Второй попыткой стала наводка на Бабаню:
– А бабушке уже за восемьдесят. Вы не думайте, что она совсем без памяти. Она хуже вспоминает, когда что-то конкретно надо вспомнить. А вообще только так словами разливается.
– Не объясняй. Я понимаю.
Пропала тема.
Выразительно вздохнув, я решила пойти ва-банк:
– Знаете, Рим… Раз уж вы свой, я вам честно расклад обрисую.
– Попробуй.
– Вы выбрали плохое место, плохой дом и плохую репутацию.
– Поясни.
– У «Надежды» одна стена тухлая. Та, что торцевая и выходит к забору. Внутри по стене плесень поднимается. И никак её не одолеть, пока угол стены заливается. Вы лужу около меня заметили, а то, что у вас поток под грунт уходит и в подвале застревает, не поняли. Можете, конечно, машину-другую бетона туда жахнуть, но воде всё равно надо куда-то уходить. Она пойдёт вдоль фасада…
Я открывала Риму непонятные для него стороны бытия. Он вслушивался в мои слова очень внимательно, но я чувствовала, что он не улавливает причинно-следственных связей между плесенью на стене и водой вдоль фасада.
– Штукатурка на той стене на честном слове держится. Её подкрасили, но мимо лучше не ходить, а если ходить, то в каске. И самый главный косяк – то, что дом неровно стоит. Сами знаете, как у нас строят – как пришлось, так и натяпали. Но в «Надежде» натяпали так, что по третьему этажу тележки сами по себе от стены до стены прокатываются. Уклон есть заметный…
Уклон Рим успел заметить, но до этого момента он связывал его, видимо, со вспышками на солнце. Мысль, что сам дом кривой, не приходила ему в голову. Он явно обрадовался простому объяснению. Кто же он такой?
– По-хорошему, дом надо сносить и новый строить. У меня ещё два владельца назад была возможность присоединить этот кусок. Мы с Маринкой хотели его вскладчину забрать. Походили, посмотрели и отказались. За участок получается нереальная цена. А в дом вкладываться незачем…
Рим начал приунывать. Но я никак не могла смягчить вывод:
– Вам даже частично отбиться не с чем. Водогрейки старые, на выброс. Холодильника ни одного приличного нет. Сантехника убитая. Кондиционеры не чищены десять лет, вопрос, есть ли ещё работающие. В общем, тот человек, кто вам посоветовал арендовать «Надежду», нагрел на вас руки.

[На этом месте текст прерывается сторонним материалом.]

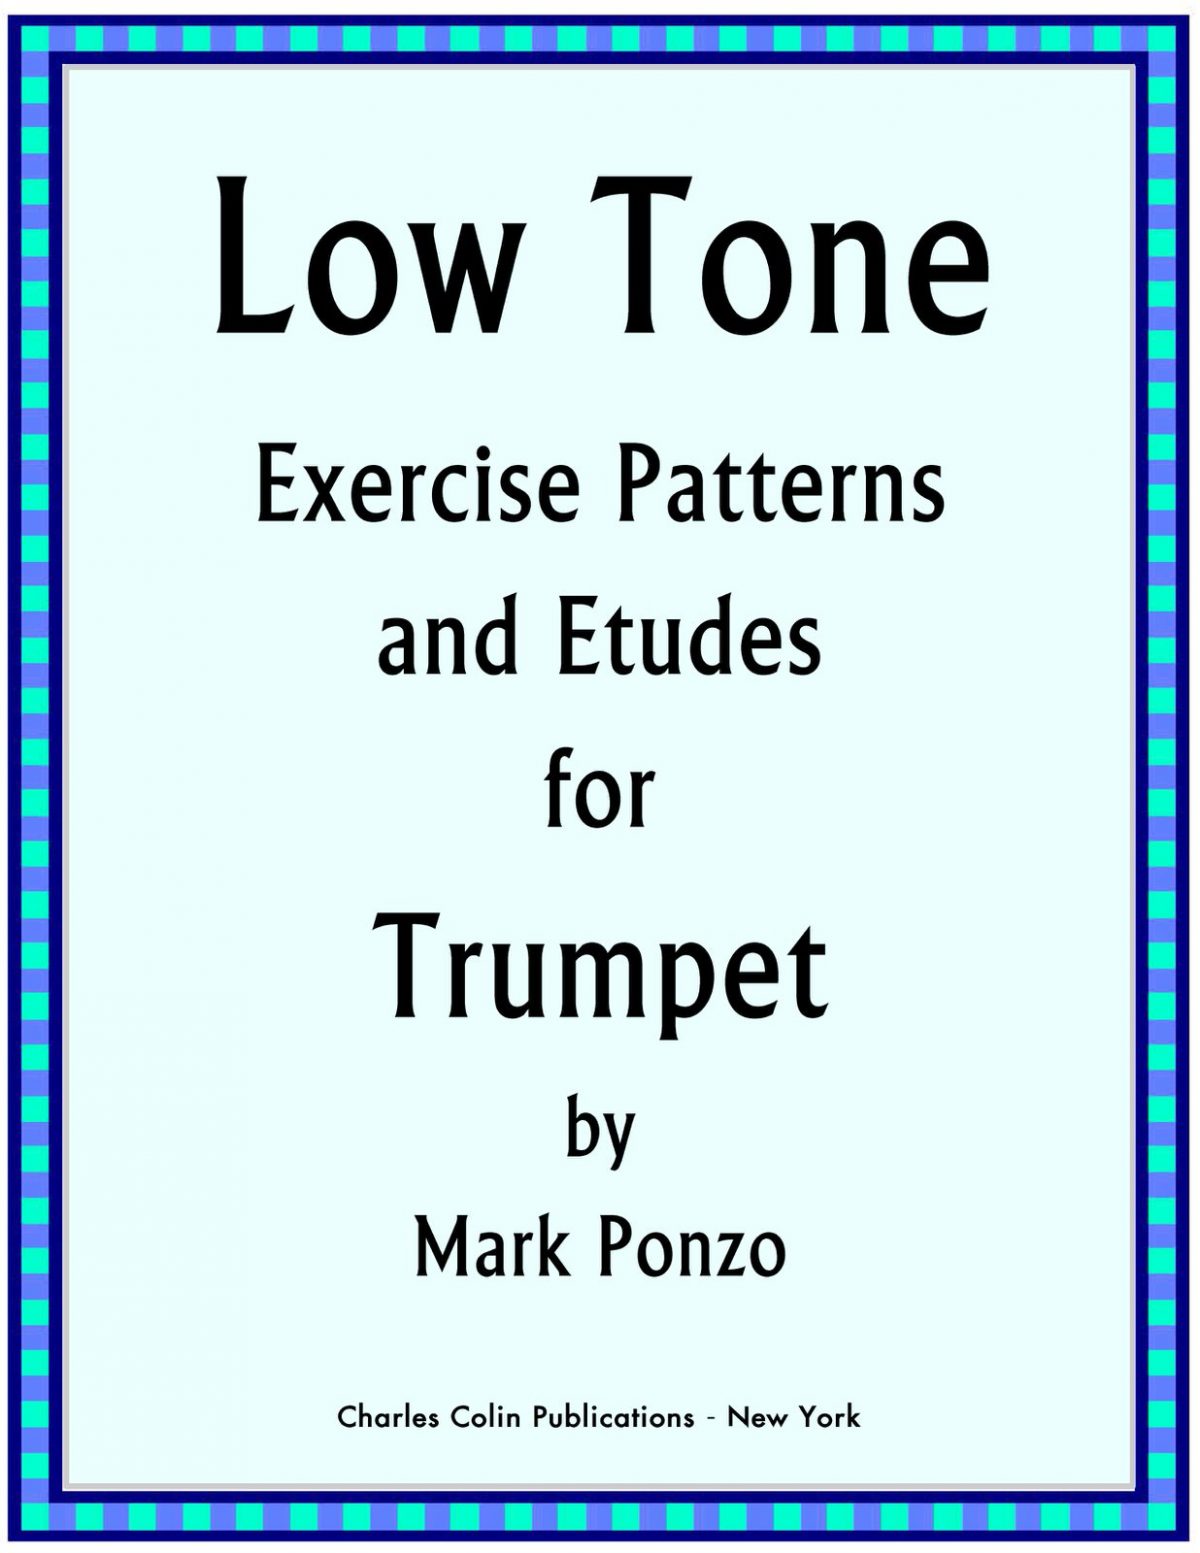 Ponzo, Low Tone Exercise Patterns and Etudes for Trumpet_000001

– Мне никто не советовал. Я сам все варианты перетряхнул и выбрал то, что казалось подходящим.
– Расторгните договор, пока не попали на крупные и бессмысленные траты. Если хотите, я сведу вас с толковым агентом и прослежу, чтобы не было осечек. Хотя это, конечно, наивно с моей стороны.
– И я знаю, о чём ты подумала. Если бы я спросил отца, то не оказался бы в столь глупой ситуации. Но я не хотел ничего спрашивать. И сел в лужу.
Круто. Не каждый так спокойно признается в собственном промахе.
– Вы хотели переплюнуть гостиницу отца?
Рим улыбнулся и объяснил затею:
– Я врач, Таша. Я хочу открыть свою клинику.
Я представила себе фасад улицы с вывеской «Медицинский центр». А рядом баннер с перечислением услуг: МРТ, УЗИ, анализы. С одной стороны, неплохо. Врач рядом – полезная опция. Но и клиника – напоминание о бренности бытия, о лекарствах и процедурах. Одно слово «анализы» наводит ужас на большинство населения. Все ассоциативно представляют себе очередь в городской поликлинике. Кашляющие бабки, митингующие старики, беременные без очереди, сумасшедшие инвалиды – и через пять минут начинает казаться, что апокалипсис уже наступил, только объявление в небесах забыли прикрутить. А к нам люди приезжают веселиться и радоваться жизни. «Анализы» точно будут отпугивать.
– Ты так выразительно поморщилась. Тебе не нравится идея клиники?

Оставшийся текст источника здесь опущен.